> _GOAL OF THE EXERCISE_
Copy word for word the lines in the records below, starting at the line with "Fine-knit blended cotton" and ending at the line with "Cheap Oakley Carbon". Skip the pictures.

EXERCISE MATERIAL START

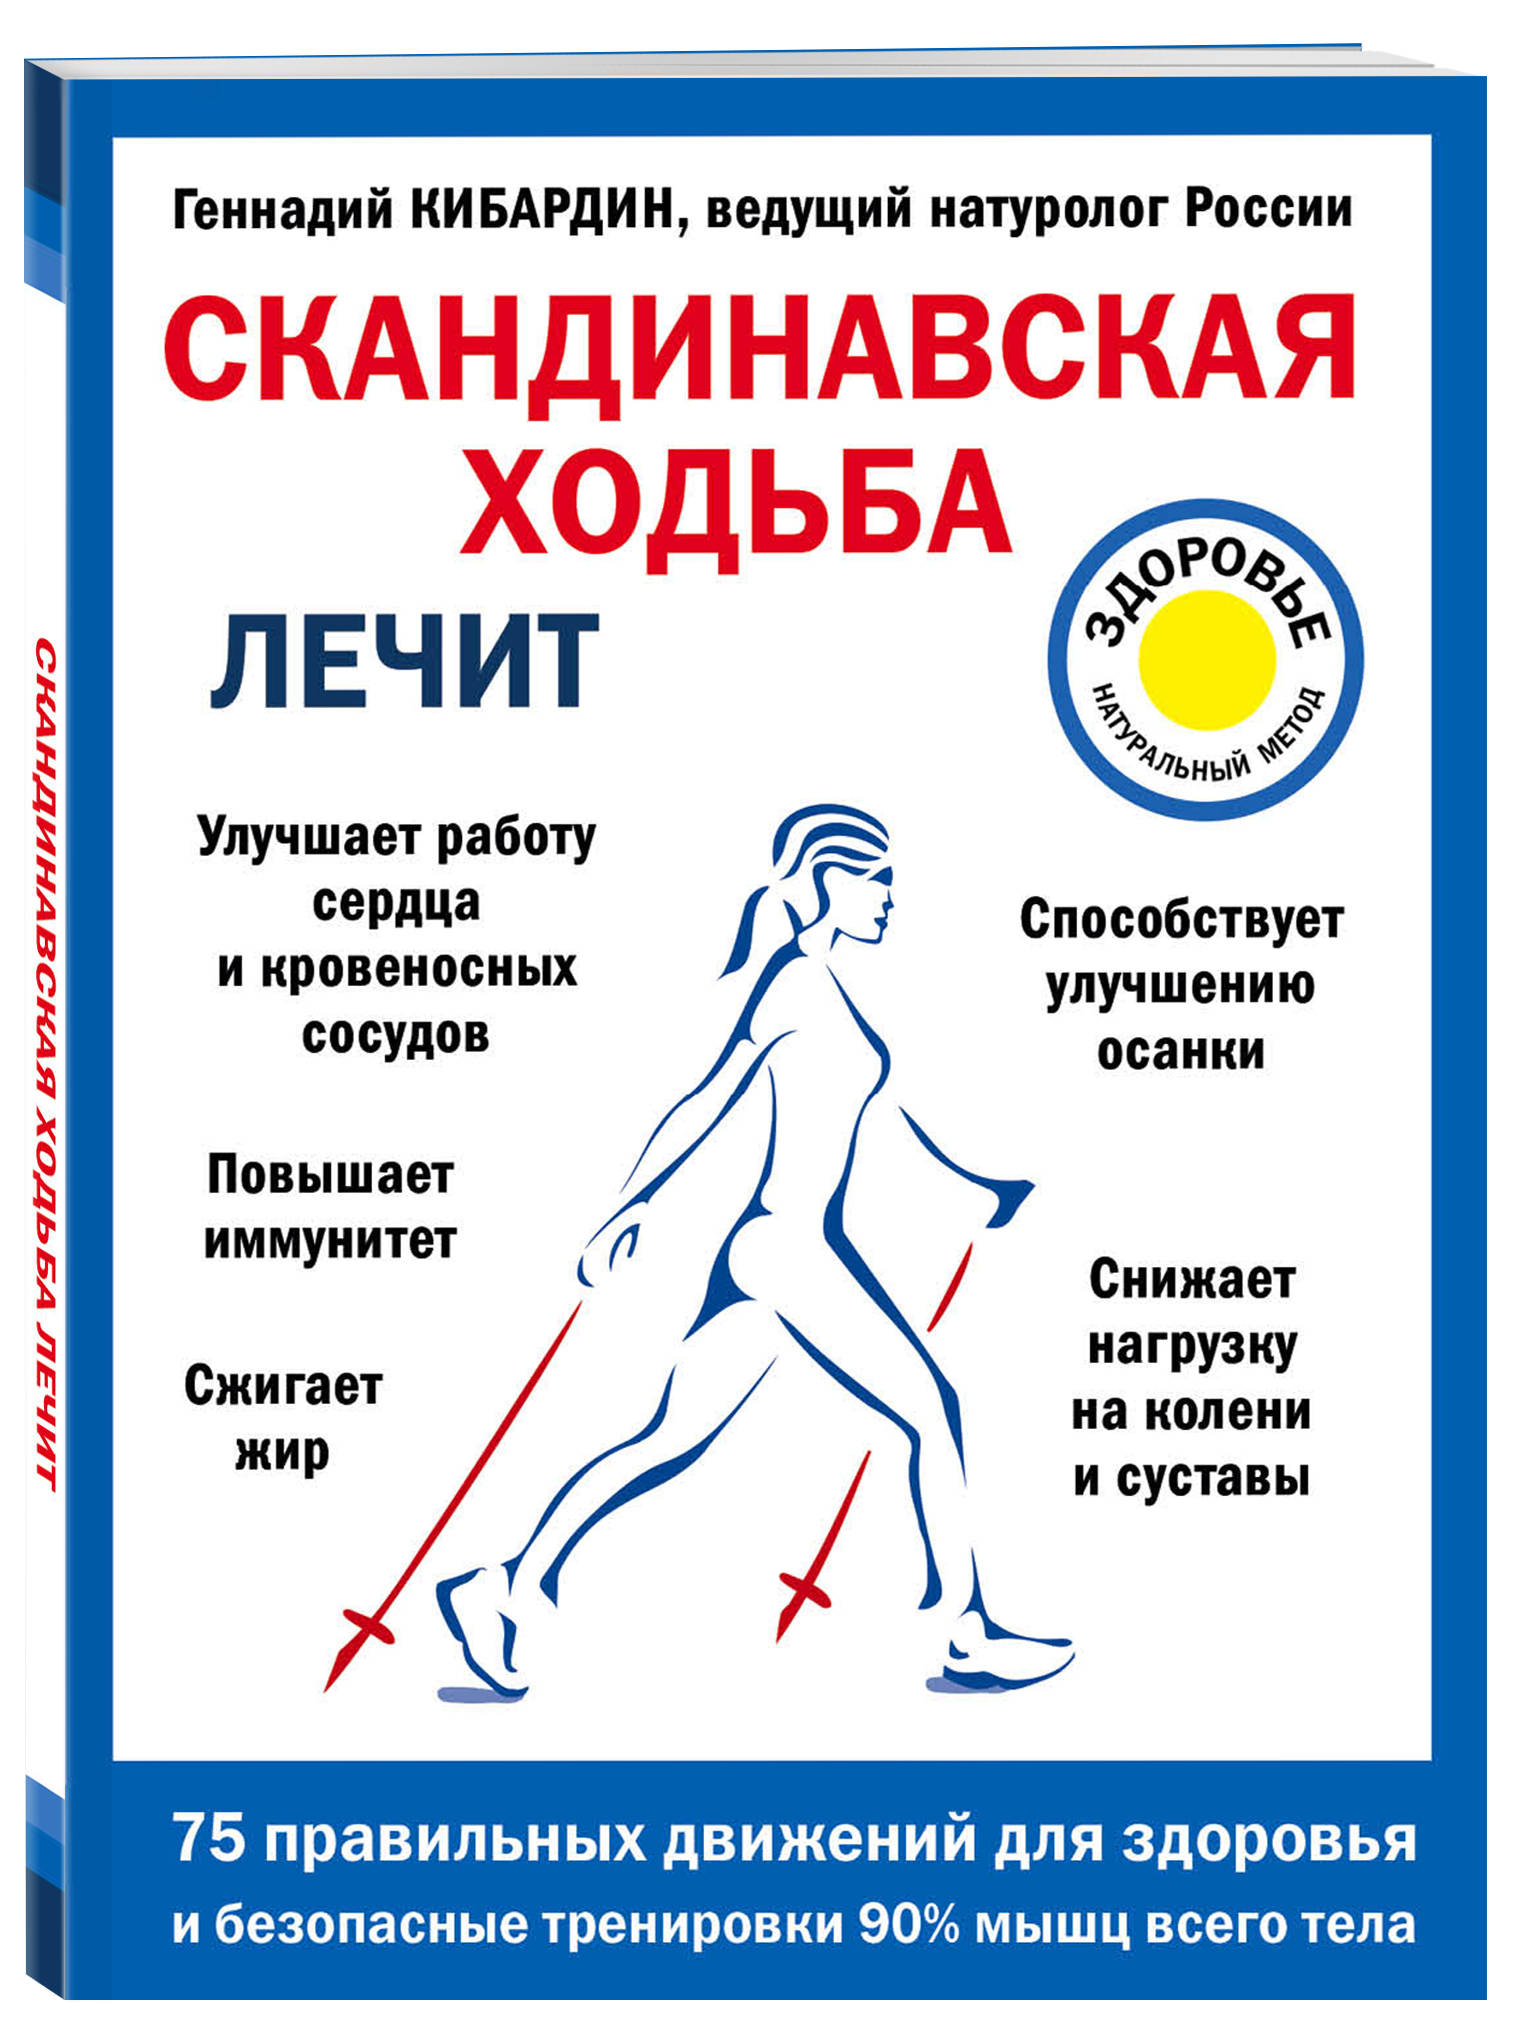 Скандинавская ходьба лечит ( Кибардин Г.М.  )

EXERCISE MATERIAL END
EXERCISE MATERIAL START

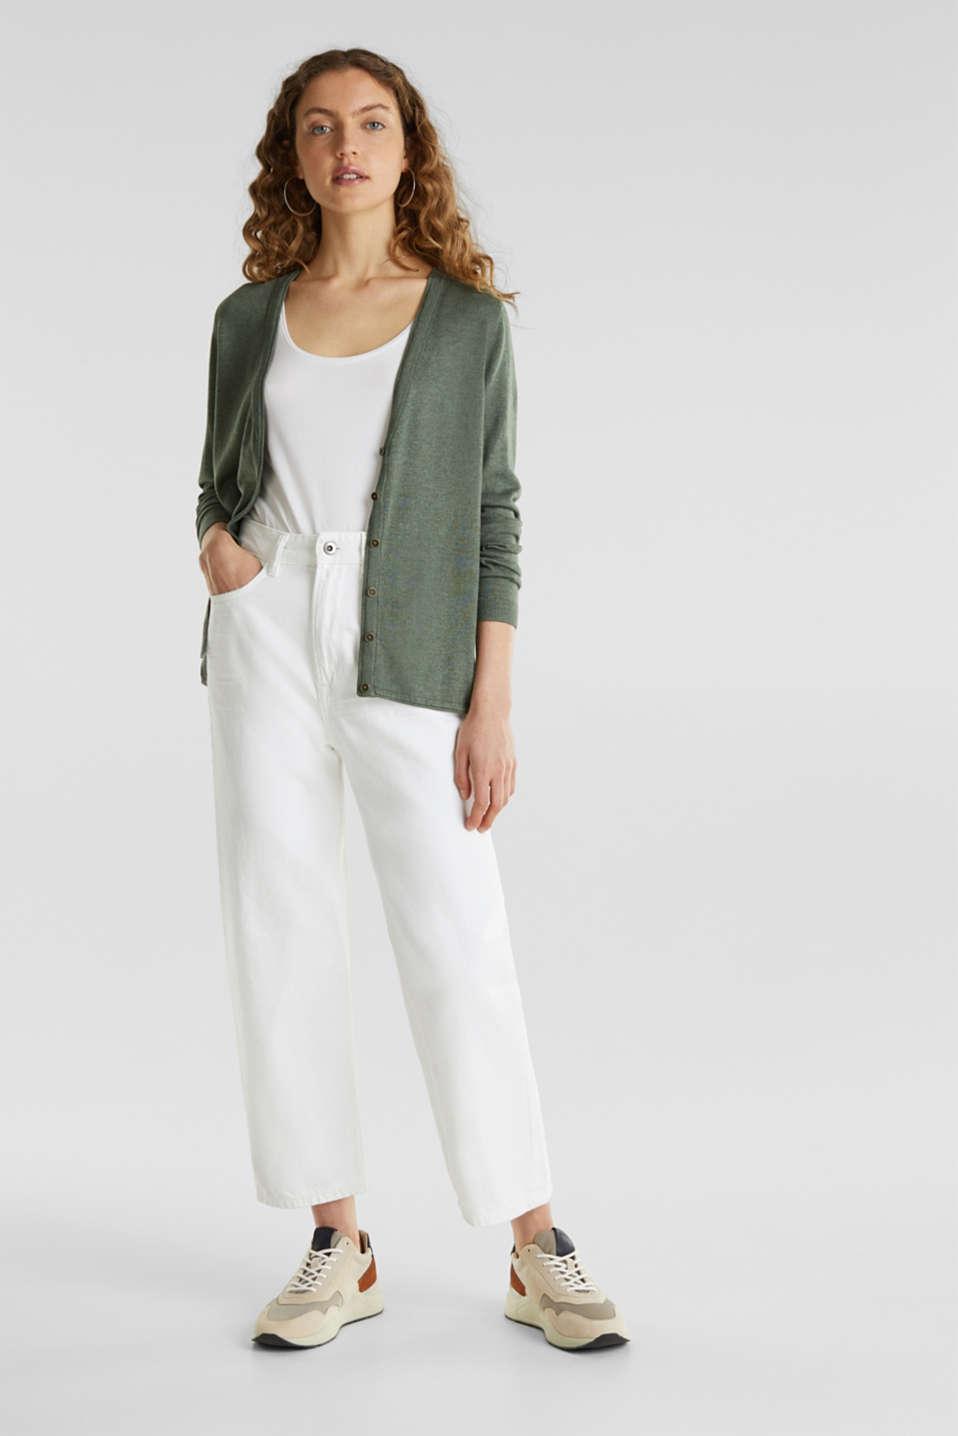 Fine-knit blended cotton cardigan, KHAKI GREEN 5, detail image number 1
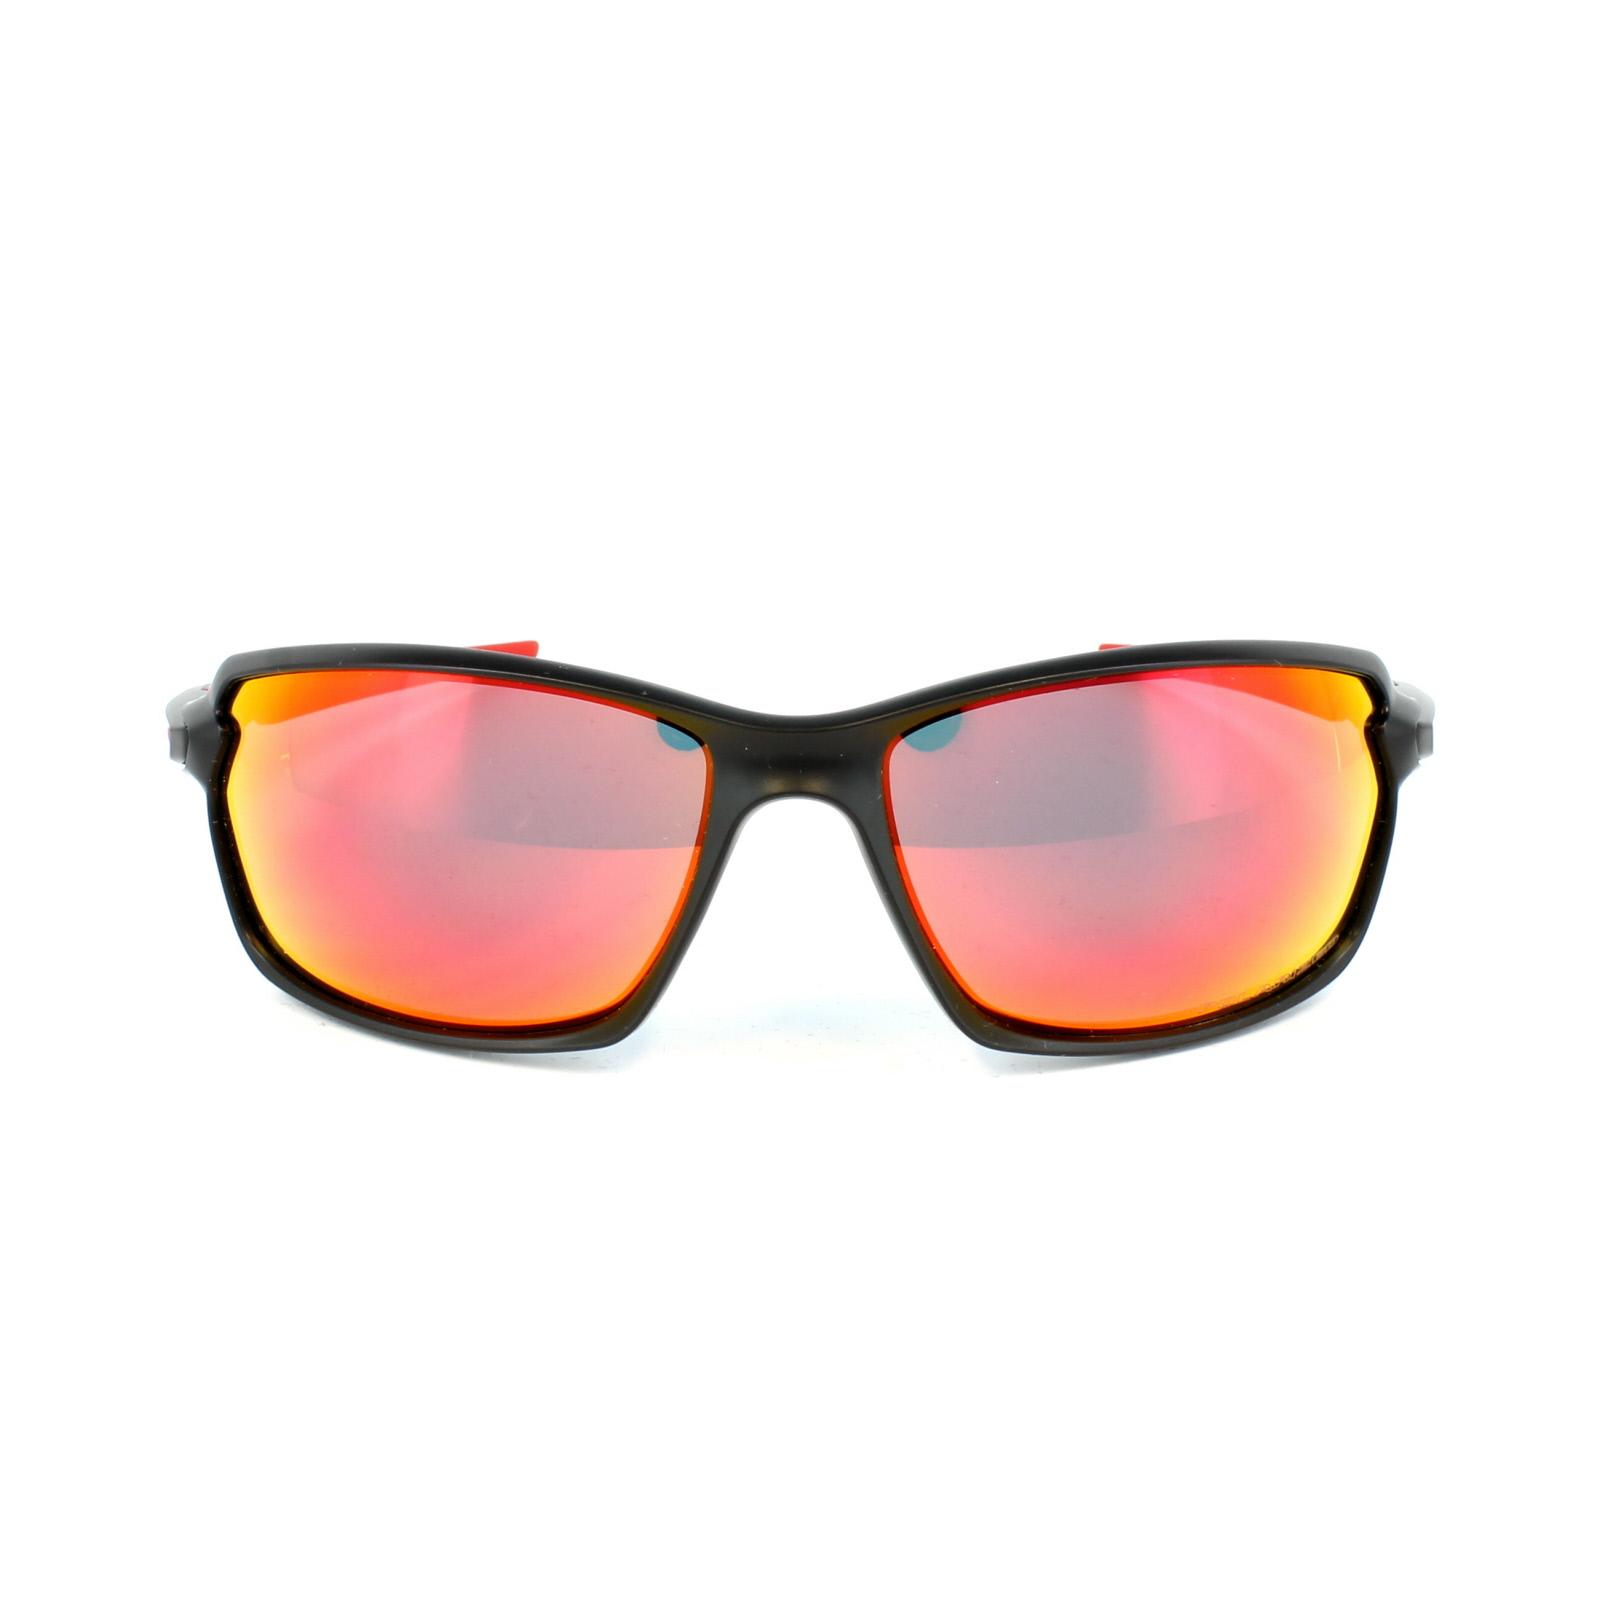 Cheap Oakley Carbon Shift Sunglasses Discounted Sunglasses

EXERCISE MATERIAL END

> _EXERCISE RESULT_
 Fine-knit blended cotton cardigan, KHAKI GREEN 5, detail image number 1
 Cheap Oakley Carbon Shift Sunglasses Discounted Sunglasses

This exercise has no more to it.